Rainan tapped her student on the shoulder, then yanked her down when the terrible beast slowly turned its head toward the slight sound and half-glimpsed movement. Scootdar found herself huddled beneath the laying form of her mentor, chewing on the rough blue fur of the mare’s fore-leg as she hushed her and stilled her breath. “Use the smallest whisper. It knows something hunts it. This beast won’t fall to a mere stout sword.” She whispered urgently to Scootdar, a whisper of some-pony defeated before they could even begin.

“You’d use your magic!?” Scootdar squeaked loudly. With no further encouragement, she silenced herself, shuffling down harder into the dirt as she bit upon her own leg to muffle her voice. “You swore you would never use your magic until we learned from the mage! It will end you!” She exclaimed through the mud-stained fur of her leg.

They had learned during their adventure that attempting to use magic again without the proper training would be the end of her mentor. The strain would cause her to explode into a rainbow that would circle the world six times before fading away, leaving it a darker and dorkier place. No, there had to be a better way than to be left alone!

Rainan frowned at her student, then clonked her on the head to silence her. “I shall if I must. If I must, it has been the coolest thing ever to train you, and I say to you: Don’t grieve.” Rainan reassured her, slowly bowing her head with the fears and hopes she had for her student until they touched brow to brow. She touched her nose to Scootdar’s, whispering a thousand prayers for her before beginning.

Their armor was easy to lose, designed to come off quickly so that they could fight with the full motion available to them.
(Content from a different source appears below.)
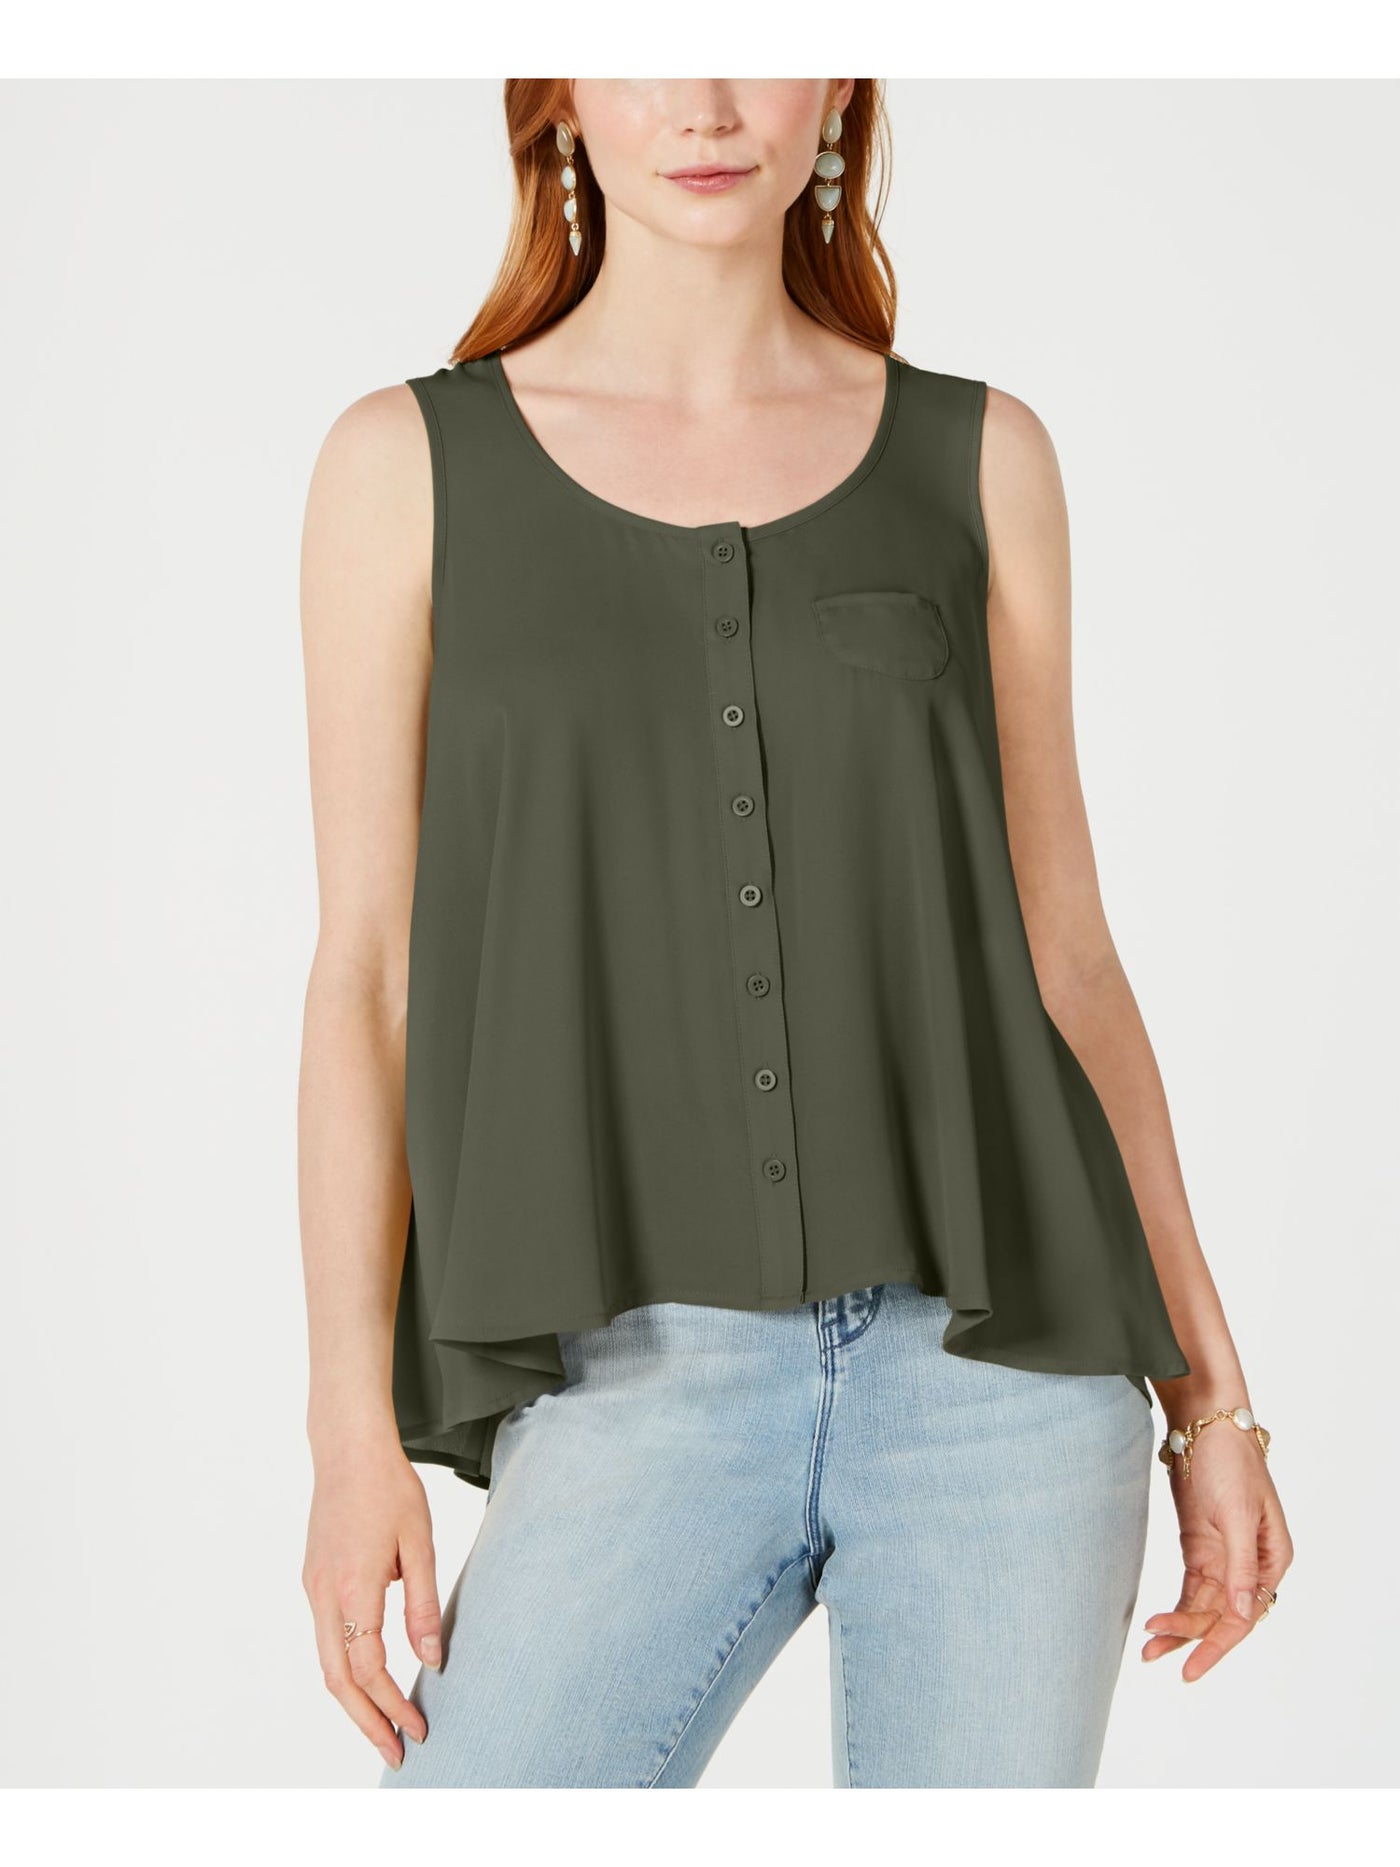 STYLE & COMPANY Womens Green Swing Sleeveless Scoop Neck Cocktail Blouse S
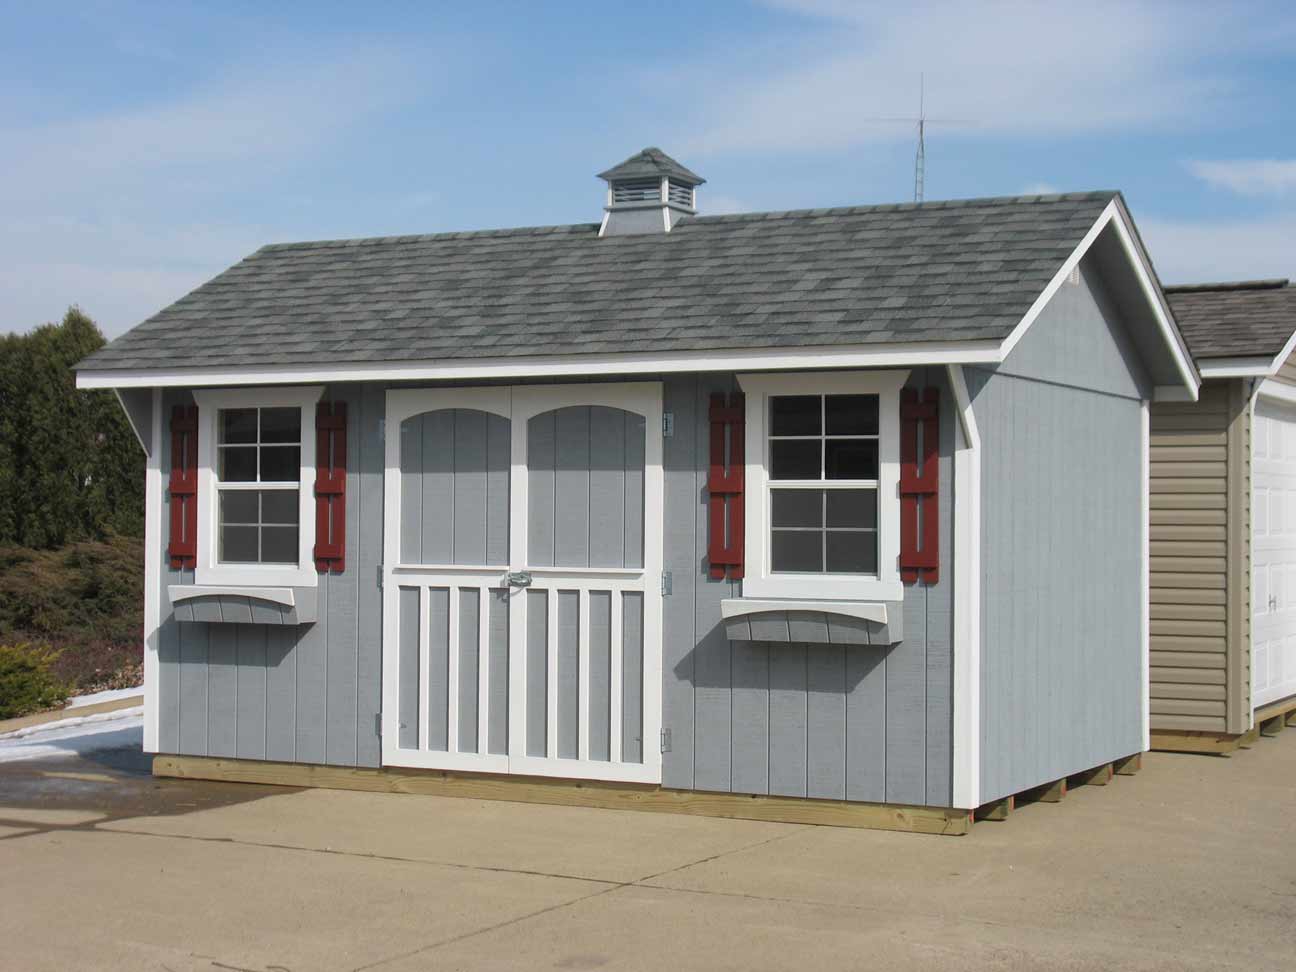  Storage Sheds / Carriage House Storage Shed Pricing &amp; Options List

Rainan’s breastplate was heavy and squeezed her like a snake, all her speed would be needed to come. Her helmet was dim and echoing, she would need every cue imaginable to see the look of terror in her target’s eyes before the end. Her wing guards, her bladed friends, so too would they be left on the ground, for they slowed every beat of her wings. Her sword, her great silvery companion, it too was laid aside, for her magic was not one of weapons, but of her own strength; it would go to her student, laying in the dark gravel beside Scootdar’s axe.

Not long now; soon she would know if they was any hope left. “Be ready. I’m taking another look.” She hopped on Scootdar’s head before the young warrior could protest, looking over their great rock, peering urgently at the mountain. Just for a second, and no more. She needed no more, she had her fill of sights enough to last ten thousand lifetimes.

“What, what did you see?” Scootdar asked in hushed whispers, tremblors of fear gripping her at the scared look on Rainan’s face.

In a whirl of movement, Rainan laid beside her against the rock, shivering at her fate. “It’s huge. Bigger than the great wall!” Rainan looked down to her student. “This shall be goodbye, friend. Now I must—BWUAK!”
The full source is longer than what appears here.